BEGIN Records shown
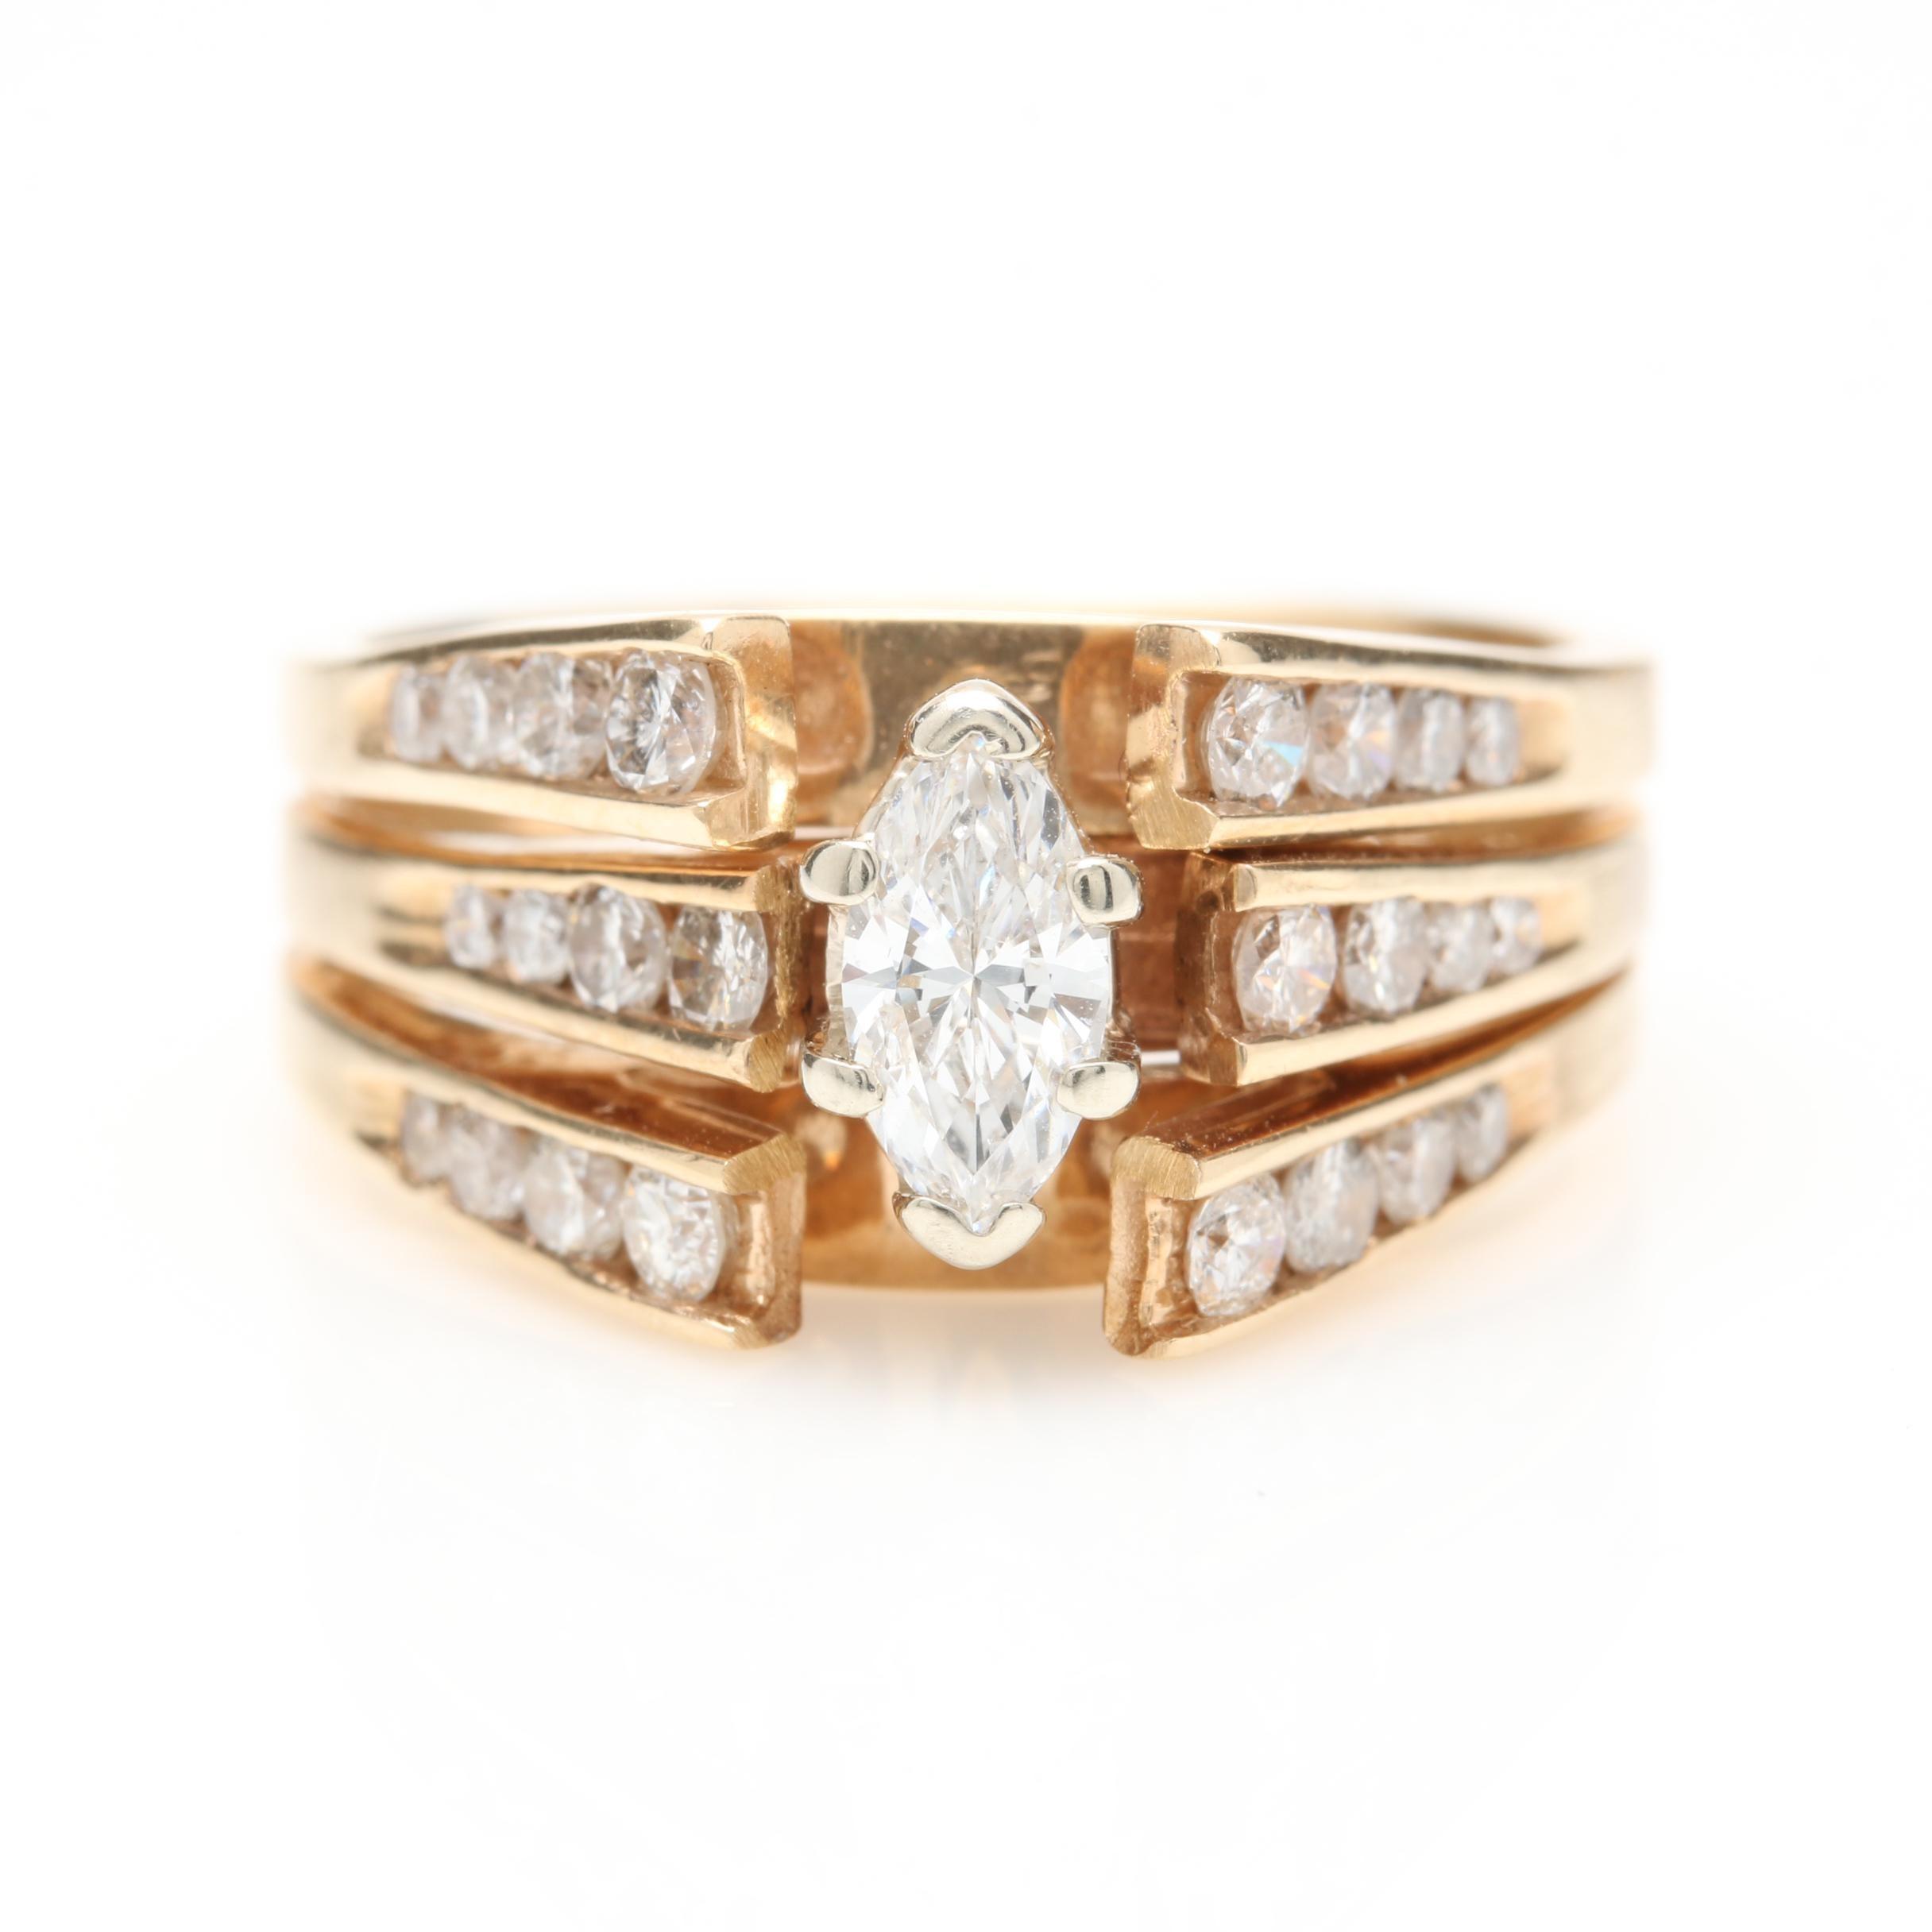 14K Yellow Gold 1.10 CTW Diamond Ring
END Records shown
BEGIN Records shown
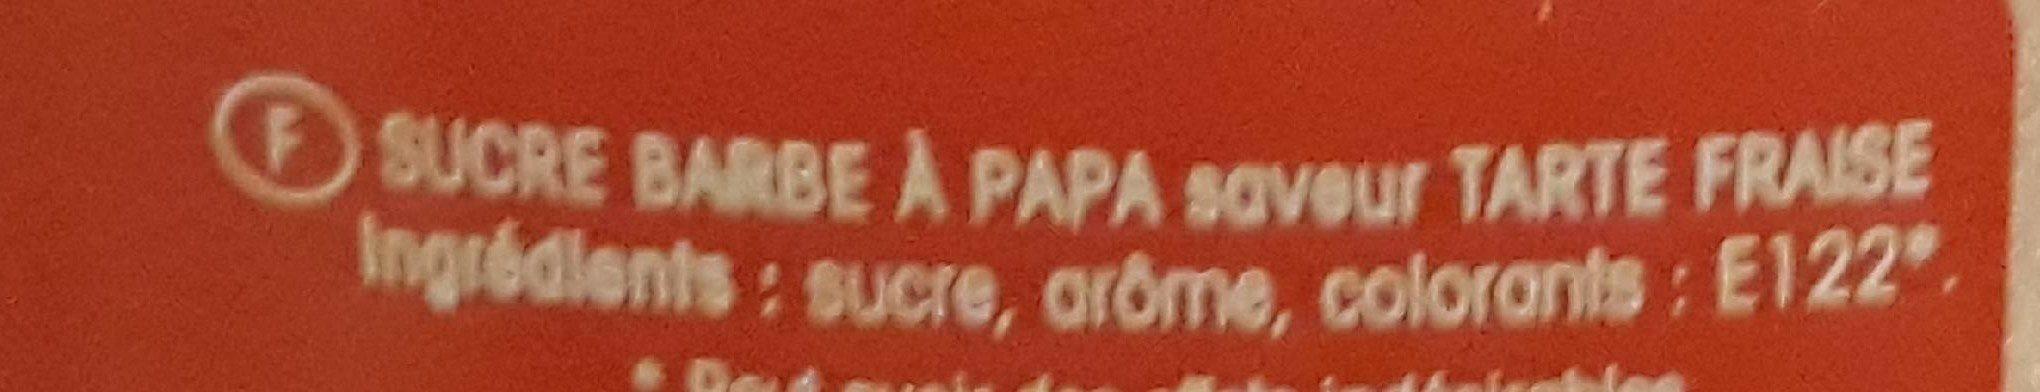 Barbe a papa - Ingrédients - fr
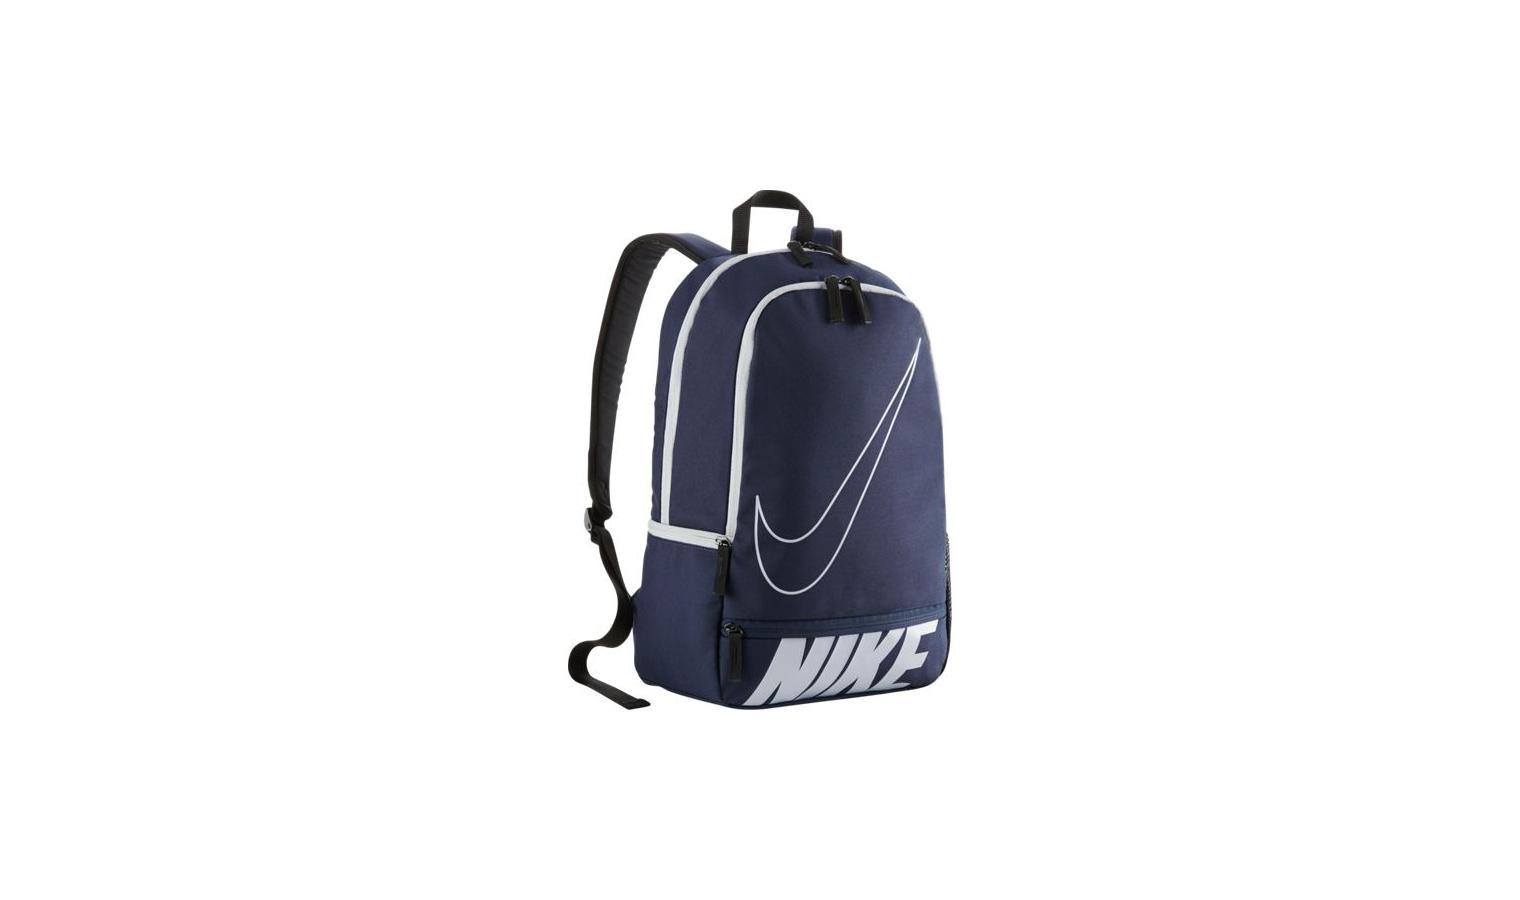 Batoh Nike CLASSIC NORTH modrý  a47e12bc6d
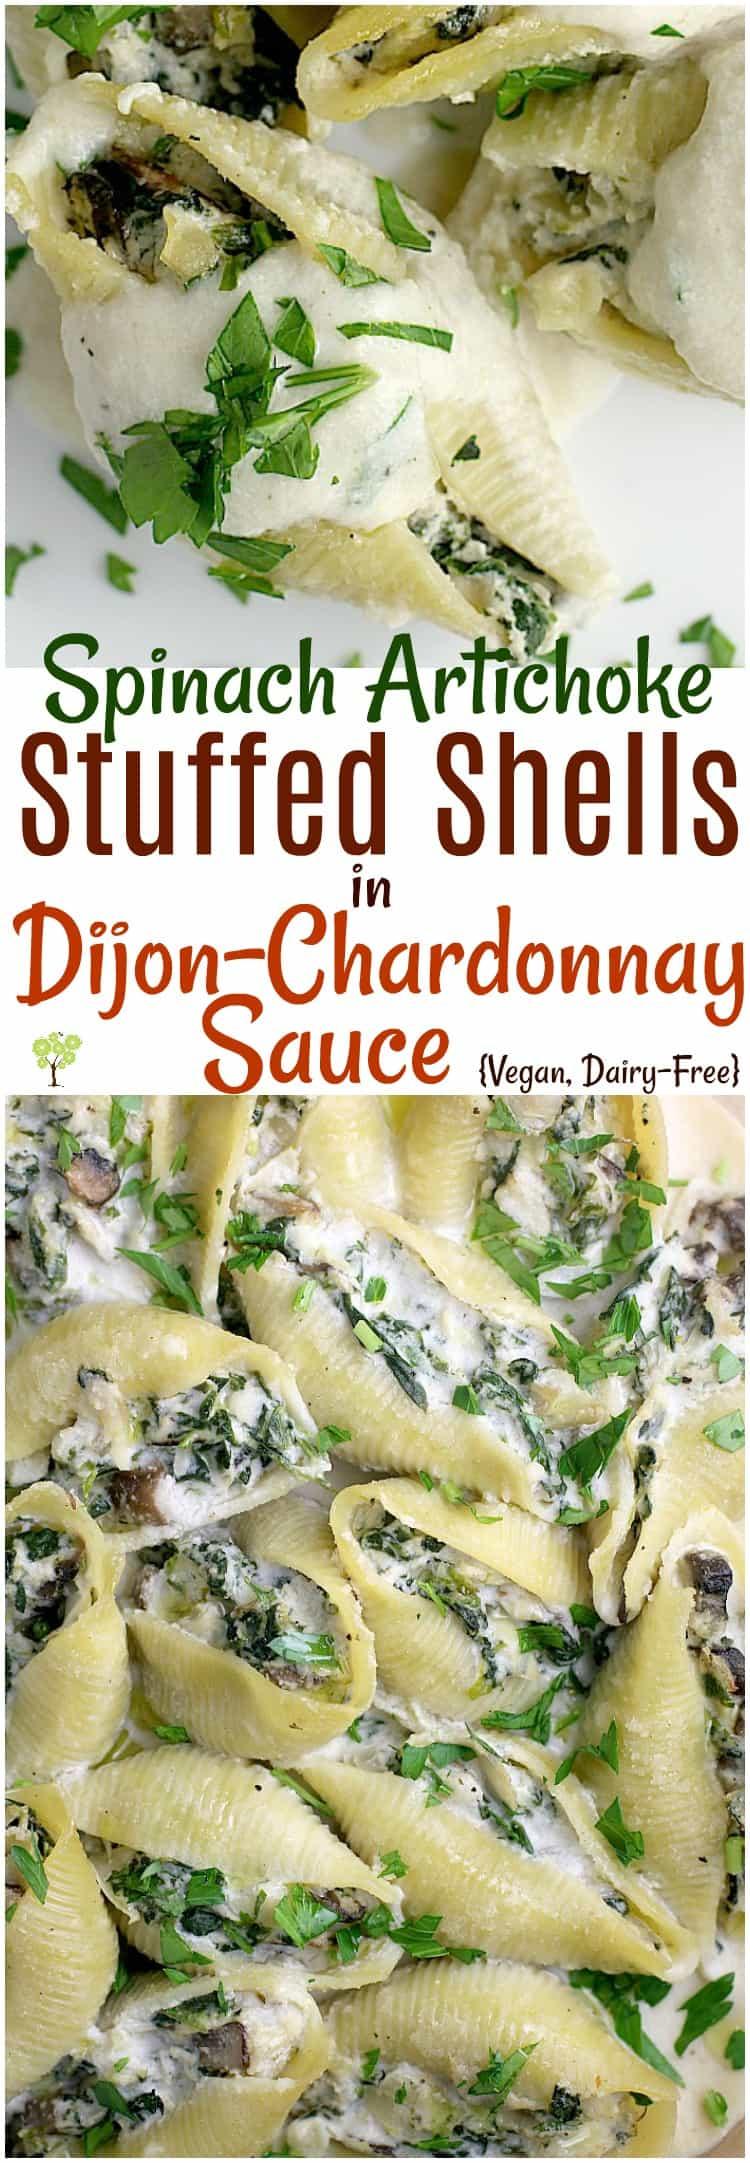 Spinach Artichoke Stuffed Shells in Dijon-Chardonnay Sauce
END Records shown
BEGIN Records shown
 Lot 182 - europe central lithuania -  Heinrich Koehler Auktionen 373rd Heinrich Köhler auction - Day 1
END Records shown
[What you have to do] Return exactly the lines above, from the one with "Barbe a papa - Ingrédients - fr" up to and including the one with "Spinach Artichoke Stuffed", and include no pictures.

[Solution below]
 Barbe a papa - Ingrédients - fr
 Batoh Nike CLASSIC NORTH modrý  a47e12bc6d
 Spinach Artichoke Stuffed Shells in Dijon-Chardonnay Sauce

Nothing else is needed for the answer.